Fix for inefficient pre-certificate de-duplication logic

83 views
Skip to first unread message

Craig Ringer

unread,
Jul 18, 2023, 7:10:16 PM7/18/23
to crt.sh
Hi

My organisation has been (trying to) use queries derived from crt.sh code to try to compute how many certs we've issued against a particular domain so we can alert when we approach Let's Encrypt rate limits.

I've found a couple of issues with the certificate de-duplication logic in our query and found that the same issues are present in the crt.sh code at https://github.com/crtsh/certwatch_db/blob/072a681239b508c18a0add9698026dd921b94f8c/fnc/web_apis.fnc#L3829 so I want to share my fixes with you.

This code:

AND NOT EXISTS (  
    SELECT 1                                                                          
    FROM certificate c2                                                                              
    WHERE x509_serialNumber(c2.CERTIFICATE) = x509_serialNumber(cai.CERTIFICATE)  
        AND c2.ISSUER_CA_ID = cai.ISSUER_CA_ID
        AND c2.ID < cai.CERTIFICATE_ID                                            
        AND x509_tbscert_strip_ct_ext(c2.CERTIFICATE) = x509_tbscert_strip_ct_ext(cai.CERTIFICATE)
    LIMIT 1
)

appears to try to detect pre-certificates by finding certs with the same serial and extension-stripped payload. But this method is very inefficient because of the use of a correlated subquery and a CPU-expensive comparison of a large blob of bytea data that must be  extracted from each candidate certificate for comparison.

The correlated subquery has a LIMIT clause which prevents postgres from optimising it into a left-anti-join.

It can be expressed MUCH more efficiently as a left anti-join like

LEFT JOIN certificate c2 ON (
   x509_serialNumber(c2.CERTIFICATE) = x509_serialNumber(cai.CERTIFICATE)'
  AND c2.ISSUER_CA_ID = cai.ISSUER_CA_ID'
AND c2.ID < cai.CERTIFICATE_ID'
AND x509_tbscert_strip_ct_ext(c2.CERTIFICATE) = x509_tbscert_strip_ct_ext
)
-- Only retain rows of c1 where no corresponding c2 was found
WHERE c2.id IS NULL

but for this case there's an even easier and more efficient way that avoids the need to join entirely. The query can filter-out pre-certificates with the following SQL term that checks for the pre-certificate x.509 critical extension that "poision"s them for clients, and discards the certs if the extension is present:

AND NOT x509_hasExtension(CERTIFICATE, '1.3.6.1.4.1.11129.2.4.3', true)
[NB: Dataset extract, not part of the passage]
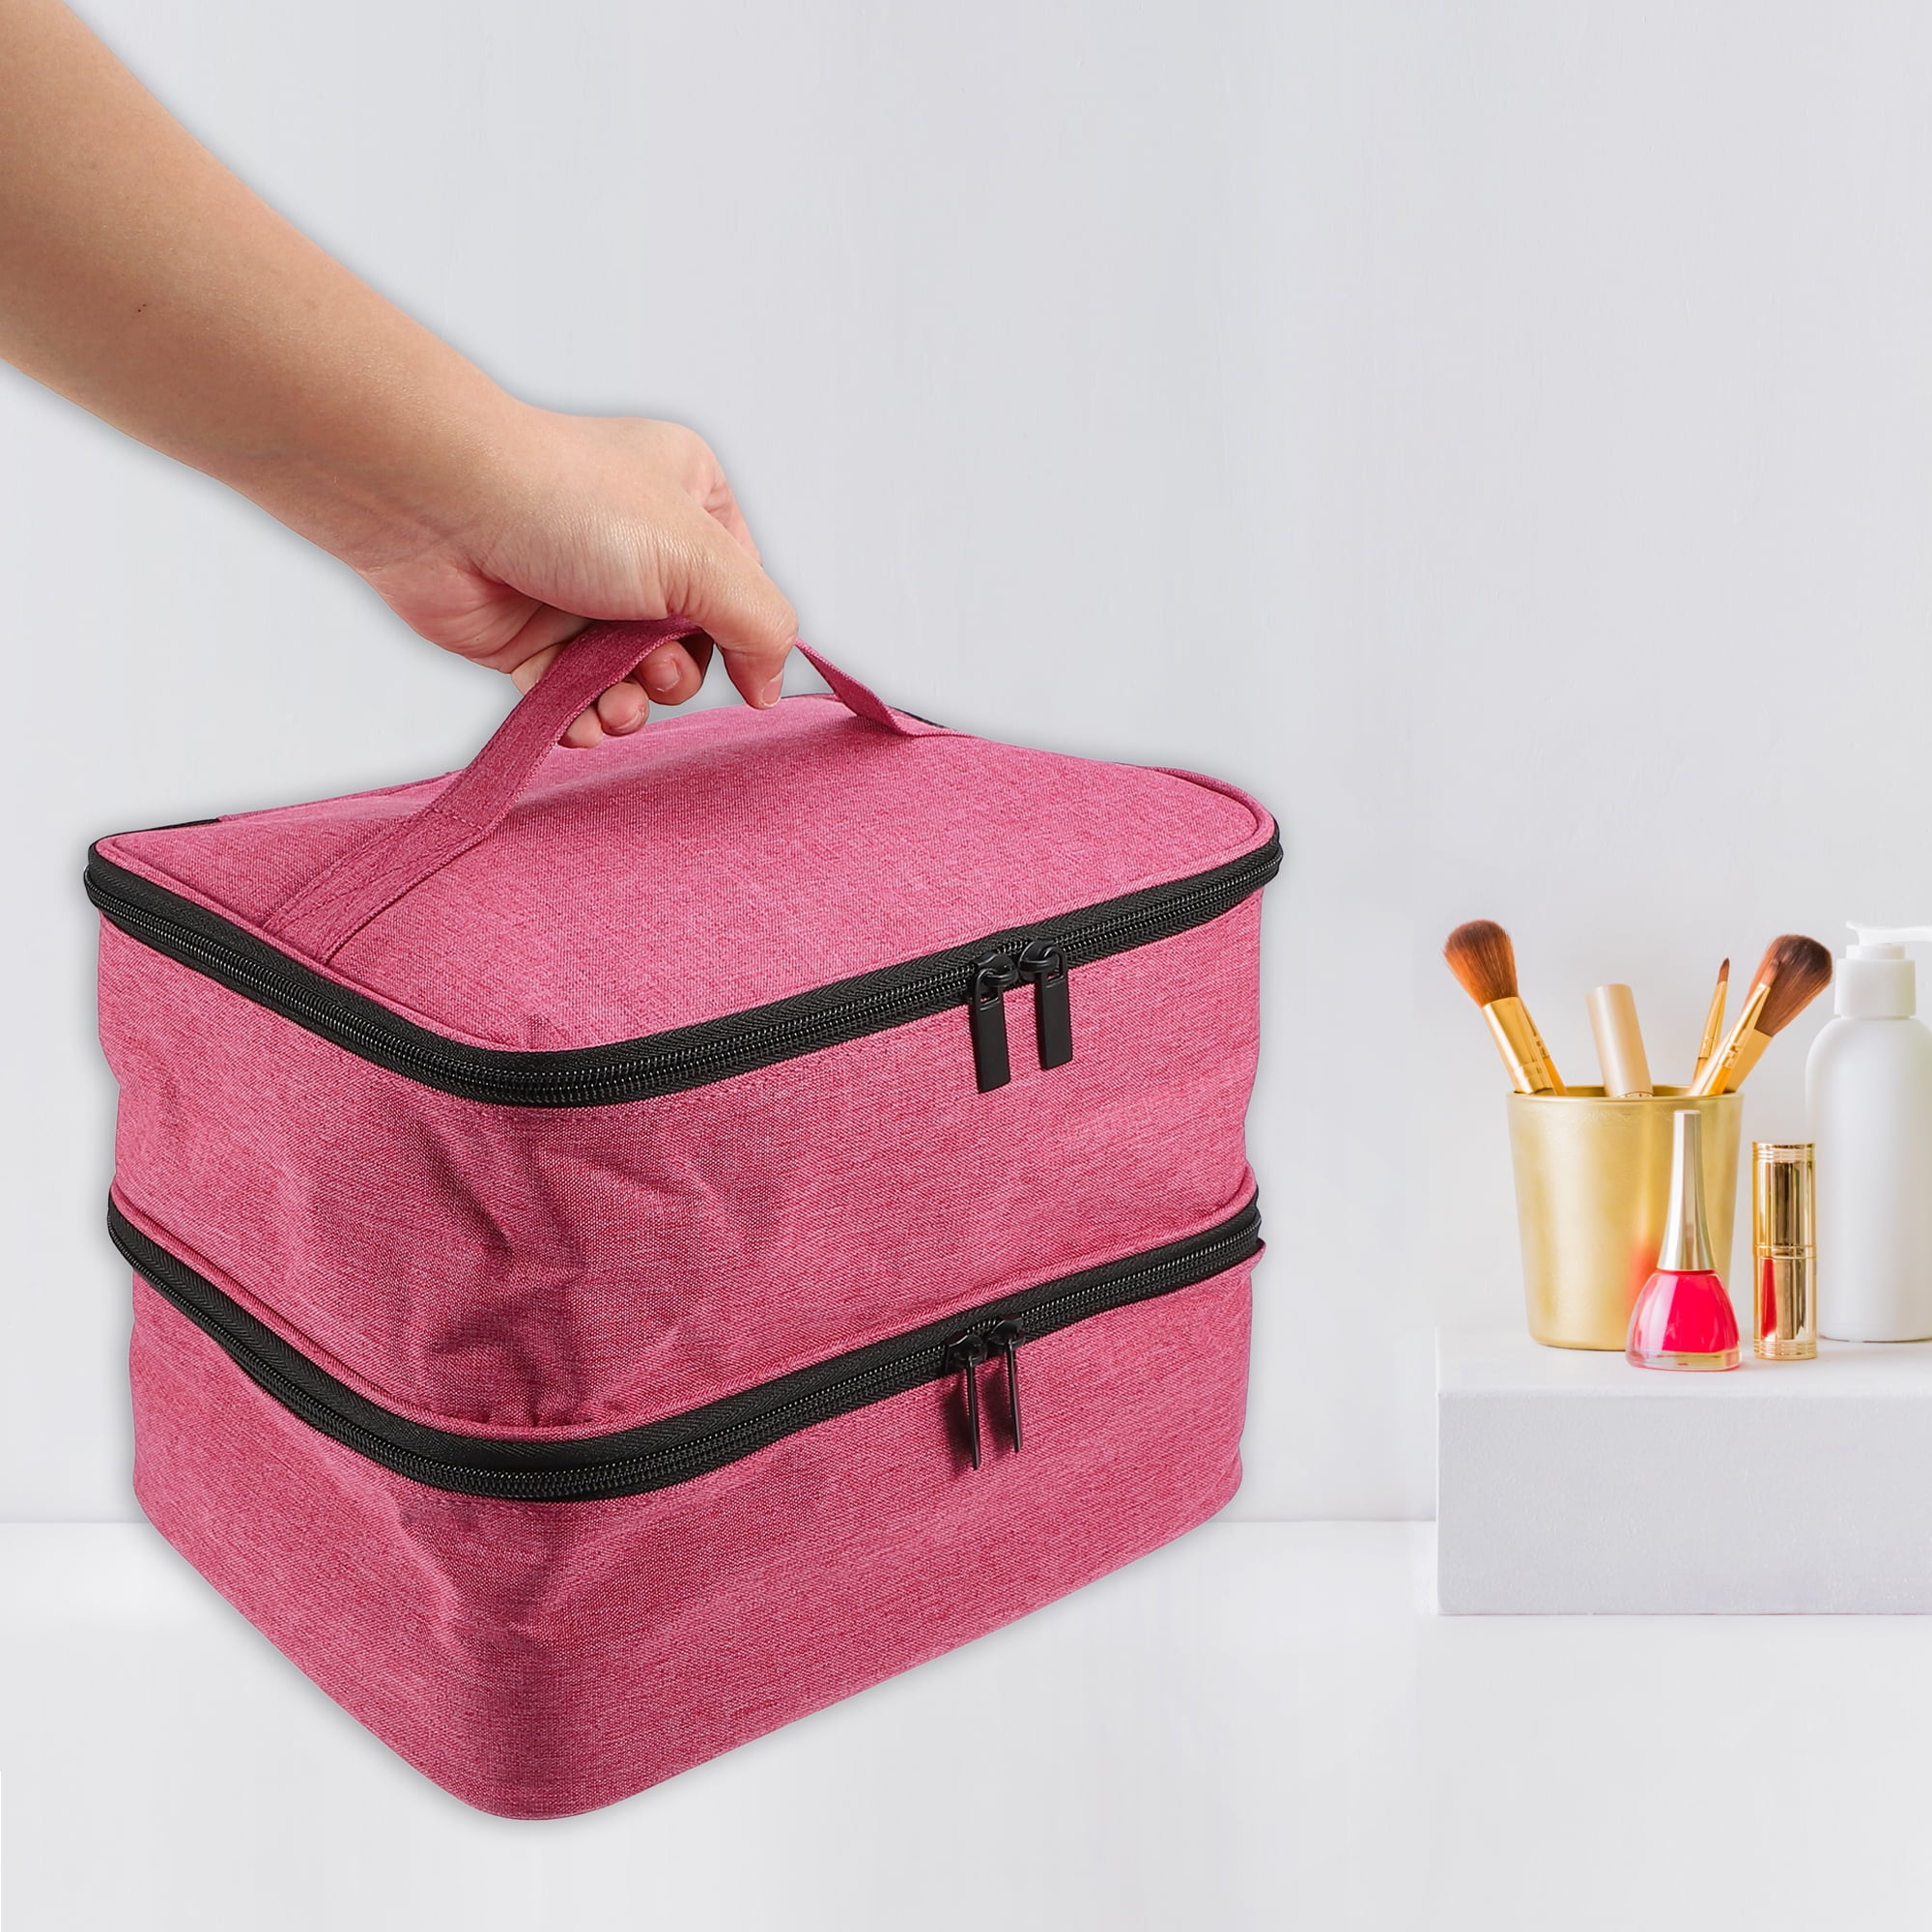 Unique Bargains Double Layer Nail Polish Organizer Case Nylon Pink, Size: 10.24 inchx8.27 inchx7.09 inch(Large*W*H)

This can be made cleaner and more readable (IMO) if expressed as

LEFT JOIN LATERAL x509_hasExtension(CERTIFICATE, '1.3.6.1.4.1.11129.2.4.3', true) AS precert_status(is_precertificate)
...
other sql here
...
WHERE
...
AND NOT is_precertificate

so that you can also easily surface an "is_precertificate" flag in the SELECT output clause for other analytical needs.

It'd also be helpful if a comment in the code there explicitly stated that the dedup in question is to exclude pre-certs, it's _not_ to detect and exclude cert renewals, as I was confused by that for a while. I now understand that at least for Lets Encrypt there are never actually any true renewals, every cert is a new cert issued for the same FQDN set (and even if there were renewals they'd have a different serial).


Craig Ringer

unread,
Jul 18, 2023, 9:23:31 PM7/18/23
to crt.sh
Whoops, that should've been CROSS JOIN LATERAL not LEFT JOIN LATERAL. Sorry, editing error when adapting the query snippet.

If just using it for filtering-out, an

  INNER JOIN LATERAL
        x509_hasExtension(CERTIFICATE, '1.3.6.1.4.1.11129.2.4.3', true) precert_status(is_precertificate)  
        ON (NOT precert_status.is_precertificate)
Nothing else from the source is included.